Однажды, подняв морду, он уловил в воздухе почти неприметную примесь постороннего для здешних мест запаха. Пометавшись по лесу и внюхиваясь в следы, он, обнаружив искомую нить, побежал по ней размеренным плавным махом, поднимаясь по склону хребта к скалистой стене, изрытой пугающими своей таинственностью черными дырами пещер. Из них тянуло тленом, промозглой сыростью. Откуда-то из земной глыби, из-под камней, доносились далекие, сдавленные, нечленораздельные звуки. Порывшись у входа одной из них, он обнаружил так необычно пахнущий странный деревянный предмет из щелей которого и шел этот волнующий запах.
В один из ласковых майских дней, дремавший на лесине, отощавший за зиму, Смельчак был разбужен хрустом гальки и плеском воды: кто-то переходил речку. Похватав налетные запахи, волк уловил аромат лосихи. Точно! Брюхатая корова осторожно брела по перекату прямо на него. Волк сглотнул слюну, в голову ударила кровь.
Когда будущая мать остановилась под обрывом, чтобы дать стечь воде, Смельчак выверенным прыжком оседлал ее, вонзив клыки в шею. Очумевшая от неожиданного нападения лосиха, оберегая бесценное содержимое живота, опрокинулась на спину и, задрав ноги, с ожесточением принялась кататься по волку. Тот, разжав челюсти, чуть живой, отполз к воде, а потрясенная мамаша поплелась в глубь леса.

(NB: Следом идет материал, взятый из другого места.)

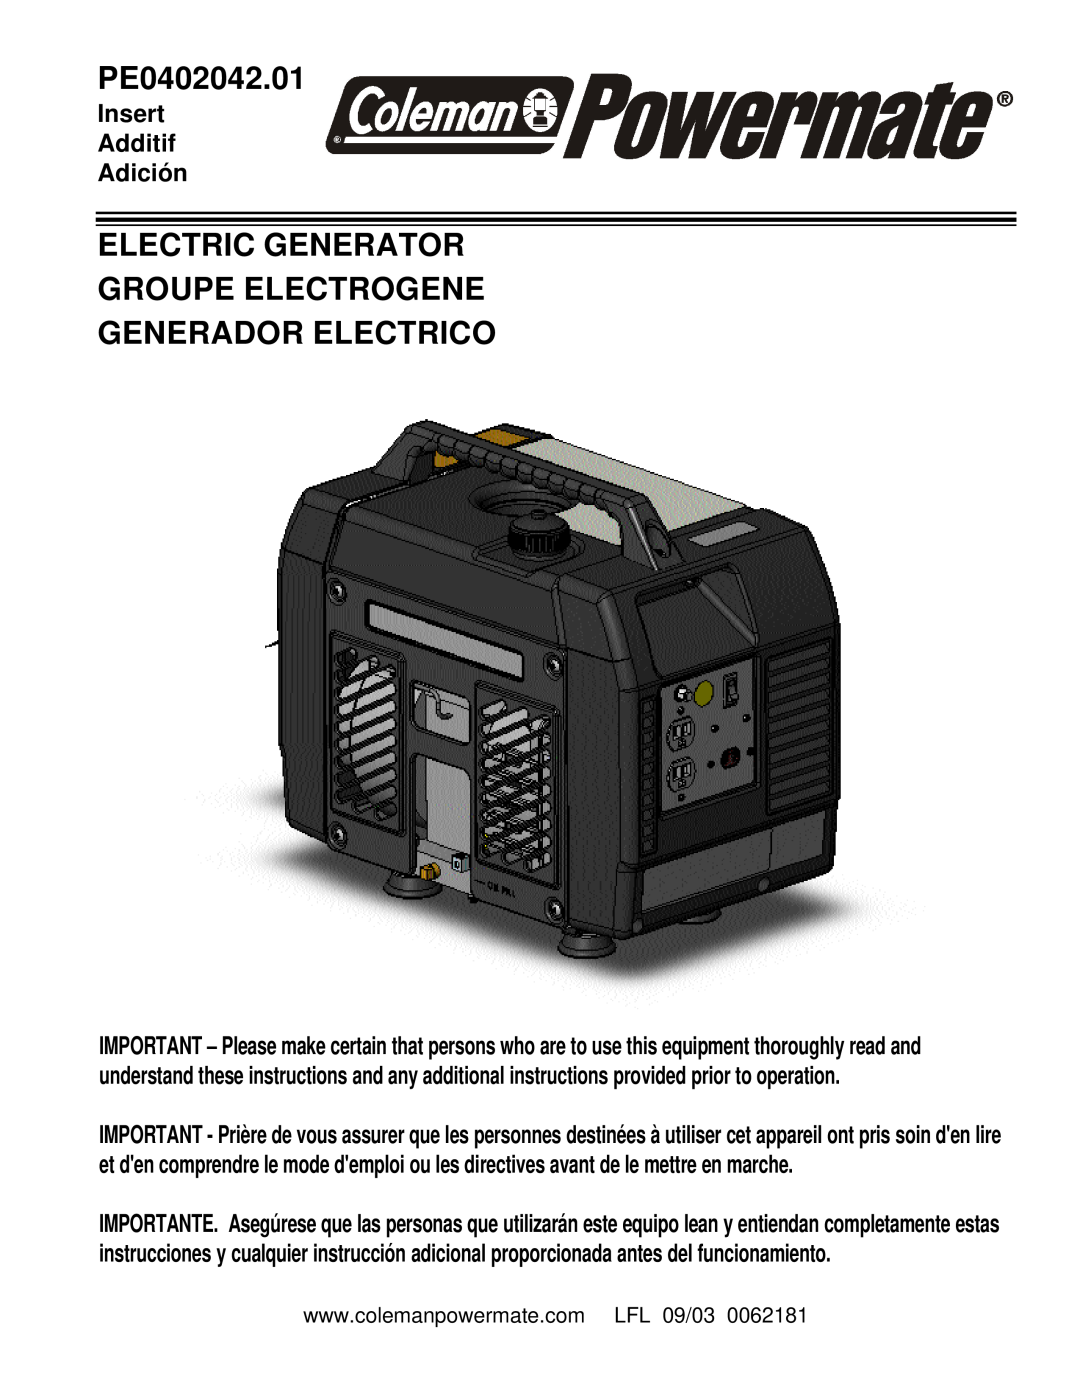 Powermate PE0402042.01 manual Electric Generator Groupe Electrogene Generador Electrico, Insert Additif Adición 
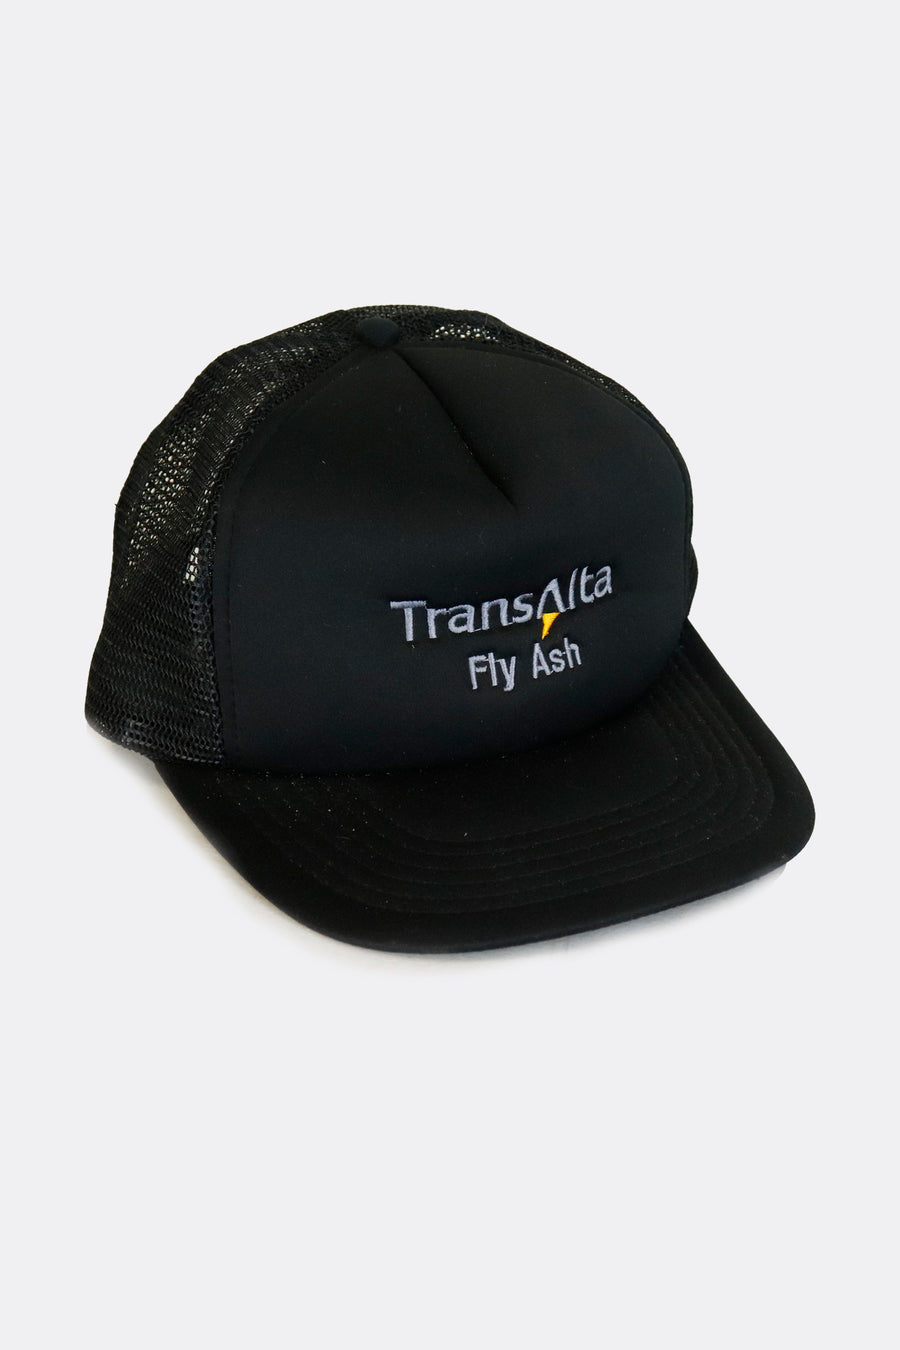 Vintage Trans Alta Fly Ash Snapback Trucker Hat

Выполняя просьбу травозная-деда, Корней шел по высокому берегу речки, что-то мурлыча в кудрявую бороду в поисках мать и мачехи, необходимой для приготовления лекарственных сборов. Обнаружив очередную плантацию, он присел на корточки и стал с именем Христовым, да с именем Пресвятой Богородицы аккуратно срывать листья. Складывая их в котомку, Корней ощутил на себе до боли знакомый взгляд. По спине даже озноб пробежал. Человек резко обернулся и внизу у воды увидел...Смельчака! Правильнее сказать, его жалкое подобие, но глаза, точнее, один незаплывший глаз, сразу выдал его.
-Вот так встреча! Так ты, старый вурдалак, оказывается жив!?
Волк вздрогнул, еще сильнее прижал к затылку уши и втиснул голову в речную гальку. В темном зрачке засквозили испуг, тоска, чувство полной беспомощности. Он не желал мириться с участью обреченной жертвы, но и реально предпринять что-либо был не в состоянии. У него не осталось сил даже оскалить знаменитые когда-то клыки. Уцелевший глаз тихонечко заслезился: то ли от жалости к самому себе, толи от страха, что настал час расплаты.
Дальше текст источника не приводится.